In addition, many researchers also focus on the research of heat transfer of rolling bearings. T Liu et al.¹⁵ theoretically modeled the heat transfer on axial and radial directions for short cylindrical roller bearing and angular-contact ball bearing, thus the thermo-mechanical model is procured and experimentally verified. W Wu et al.¹⁶ investigated the impact of physical configuration of ball bearings on the heat transfer, and thus, the temperature’s variation of high-speed ball bearings and their research, in general, reveal the significance of flow pattern. In addition, VT Than et al.¹⁷ proposed a method to estimate the heat transfer between complicated structures with different materials and experimentally verified it.

In conclusion, in order to provide a more accurate basic data for the failure analysis and fatigue life prediction of the angular-contact ball bearings, the thermo-mechanical coupling model of angular-contact ball bearings is developed in this article. The influence of thermo-mechanical coupling effect on the dynamic and thermal properties is further analyzed.

Modeling and solution of thermo-mechanical coupling of high-speed angular-contact ball bearings

Thermo-mechanical coupling of high-speed angular-contact ball bearings

The external force and designed initial geometric parameters of angular-contact ball bearings are as shown in Figure 1. The outer ring is stationary. Loads and rotation are applied on the inner ring. Assume that the actual geometric parameters of angular-contact ball bearings are (D_ai, D_ao, D_aw, N, α_a₀, f_i, and f_o) when external loads (F_x, F_y, F_z, M_y, and M_z) are applied on the bearings. The parameters D_ai, D_ao, D_aw, and α_a₀ represent the actual diameter of the inner ring, outer ring, ball, and the actual initial contact angle with the thermal effect, respectively. Parameters N, f_i, and f_o represent the total number of rolling element, inner curvature factor, and outer curvature factor, respectively. Those actual geometric parameters could be calculated by diameter thermal expansion formula¹⁸ according to the temperature and the designed initial geometric parameters of each element of bearings.

Figure 1.

Diagram of angular-contact ball bearings with external loads.

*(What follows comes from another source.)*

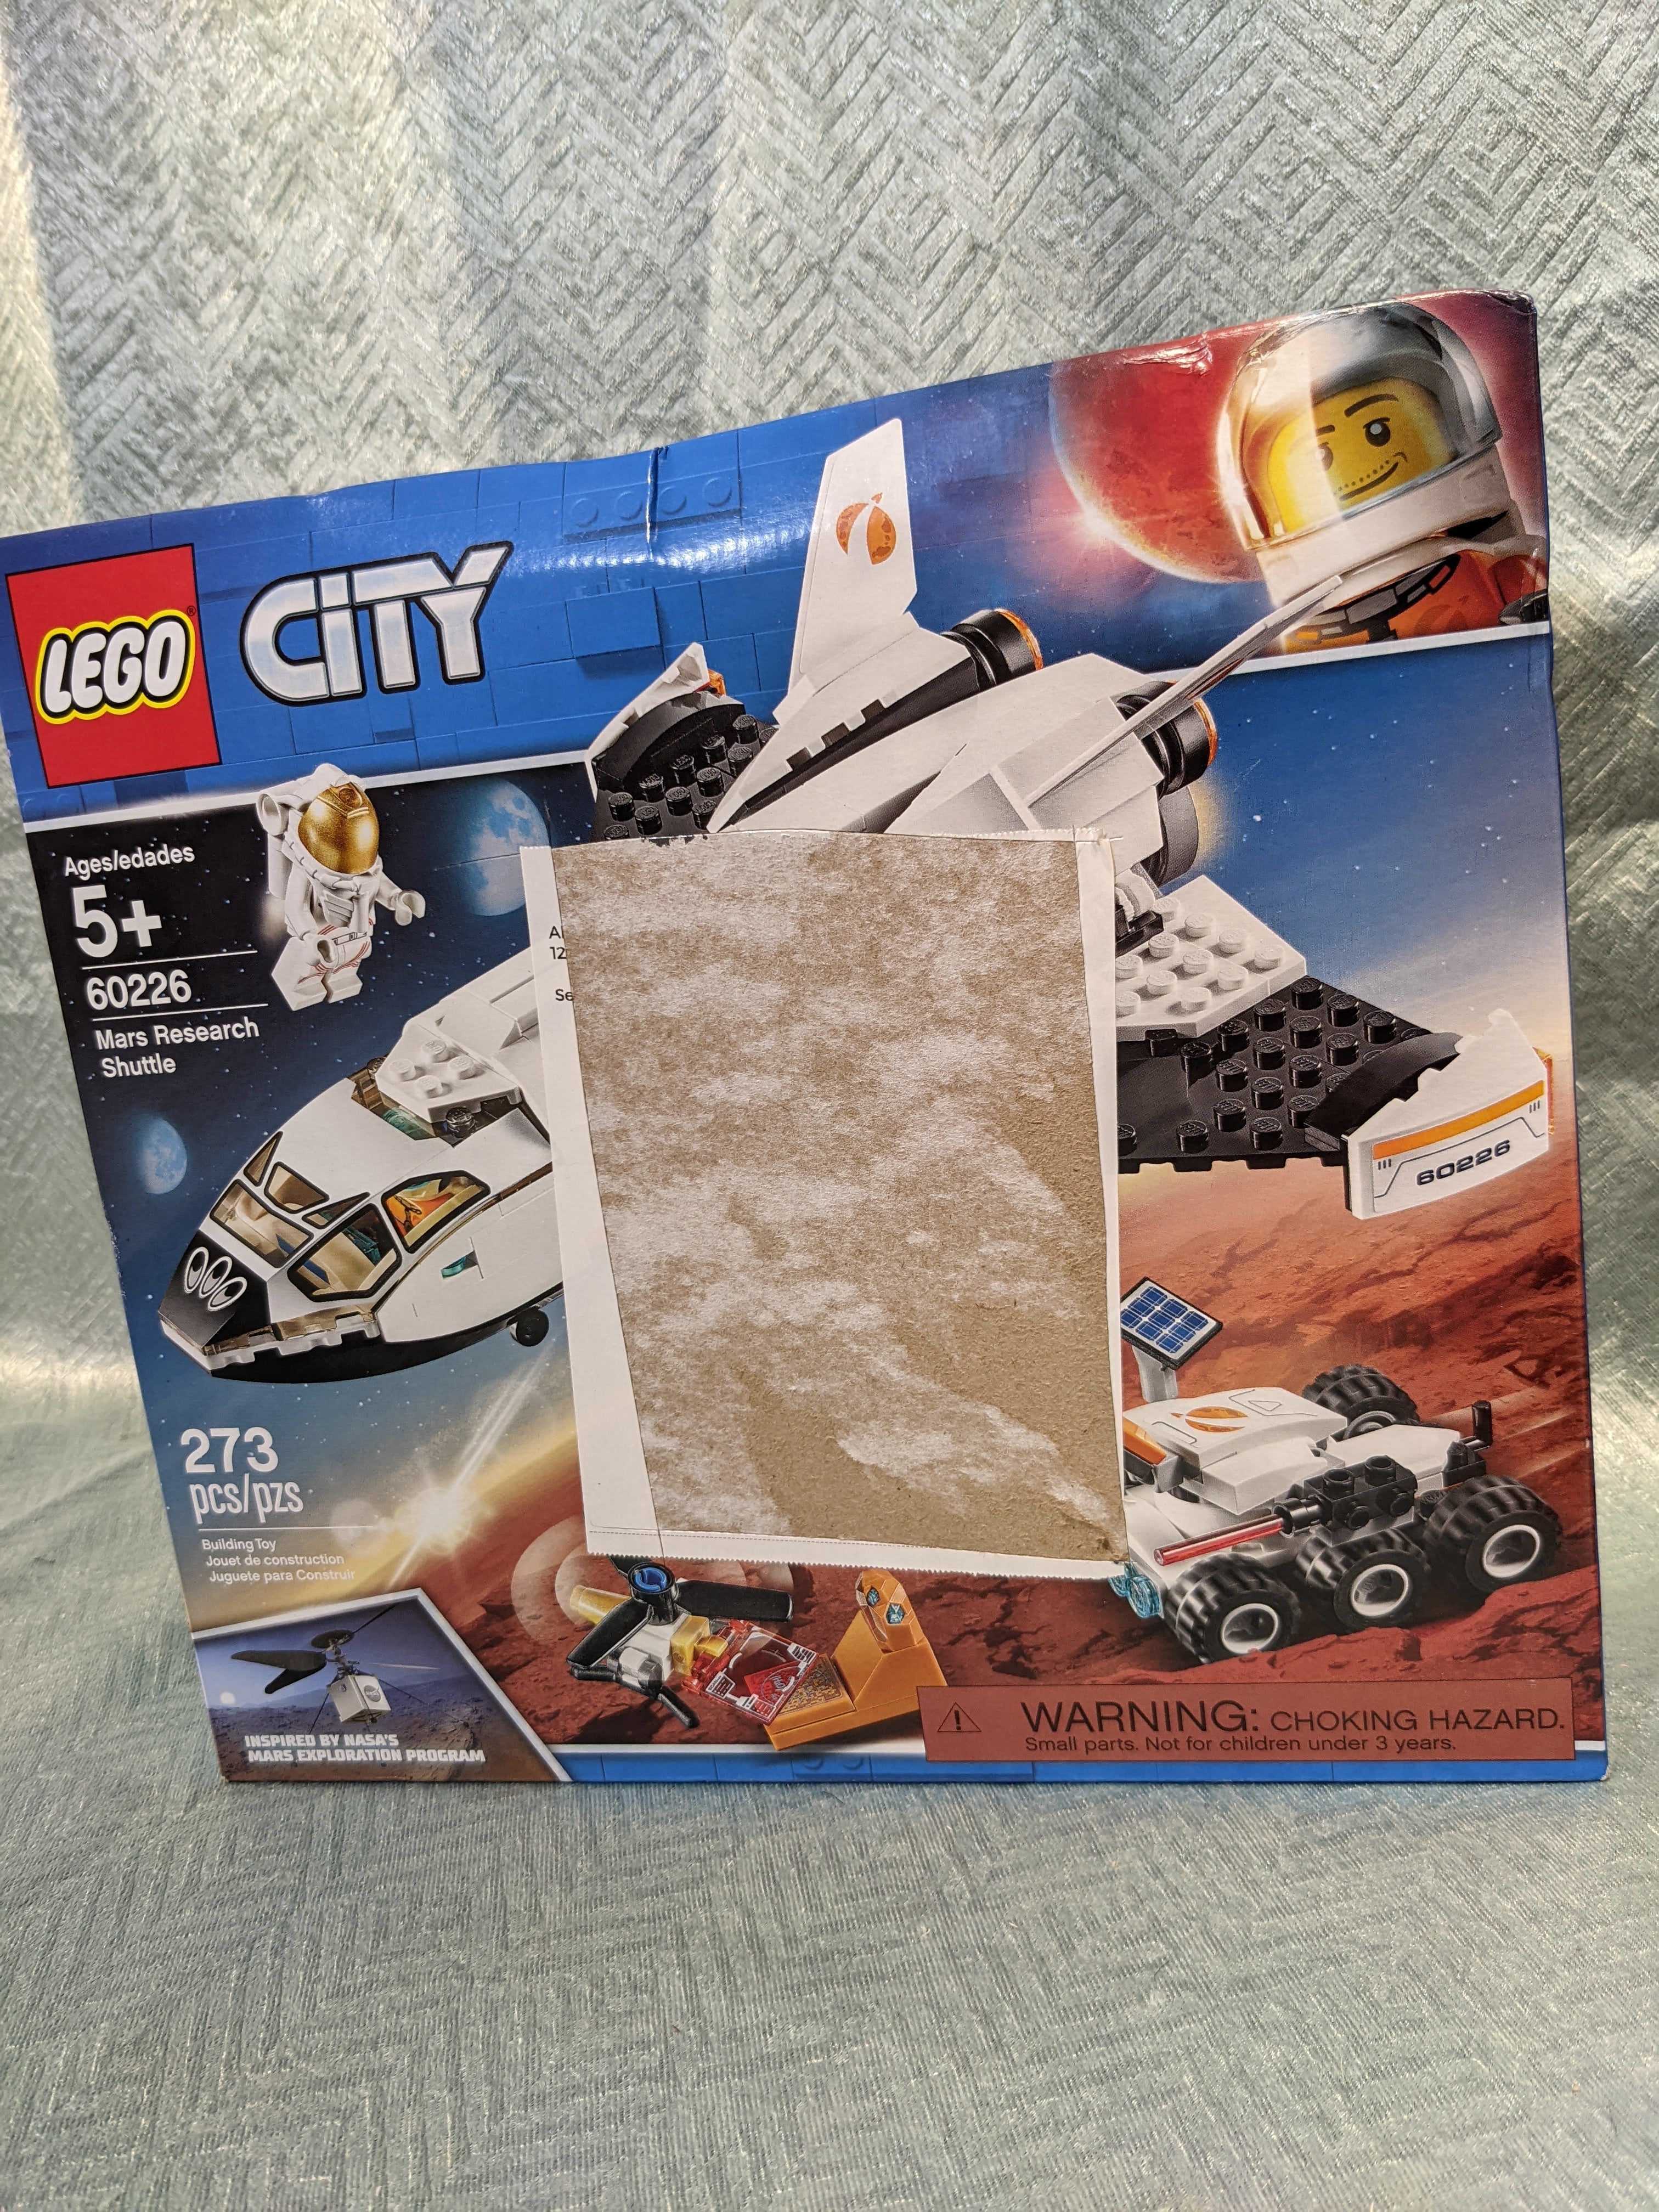 LEGO City Space Mars Research Shuttle 60226 Space Shuttle Toy Building Kit with Mars Rover and Astronaut Minifigures, Top STEM Toy for Boys and Girls (273 Pieces) (7591679688942)

Based on the external load and actual initial geometry parameters, the contact load, contact stress, and sliding velocity in the loading zone of bearings can be first calculated by quasi-dynamic method.¹⁹ Then, the heat generated at a single contact between balls and raceways due to sliding in the short axis direction, heat generated by sliding due to spin motion of balls, and heat generated by lubricant drag acting on balls can be calculated by heat generation equations¹⁰ according to the relevant dynamic parameters which can be calculated by quasi-dynamic analysis. In addition, the heat generated by sliding due to gyroscopic motion of balls and heat generated at a single contact between balls and raceways due to sliding in the long axis direction are ignored, because the gyroscopic motion of balls in the raceway and ball sliding in the long-axis direction of contact area have been reduced greatly in the geometric design.²⁰

Considering that the rolling element is discretely distributed in the bearings, the heat generation on the contact zone is actually affected by moving heat sources. It means that at the time dt when the ith ball moves onto the contact ellipse, the contact zone is in the continuous heating state. After a time interval T, when the ith ball leaves but the (i+1)th ball does not arrive at the contact ellipse, the contact zone is in the continuous cooling state. The acting time of moving heat sources dt is determined by the width of contact ellipse, the rotation speed of inner ring, and the revolution speed of balls. The period time of moving heat sources T is determined by the total number of balls, the rotation speed of inner ring, and the revolution speed of balls.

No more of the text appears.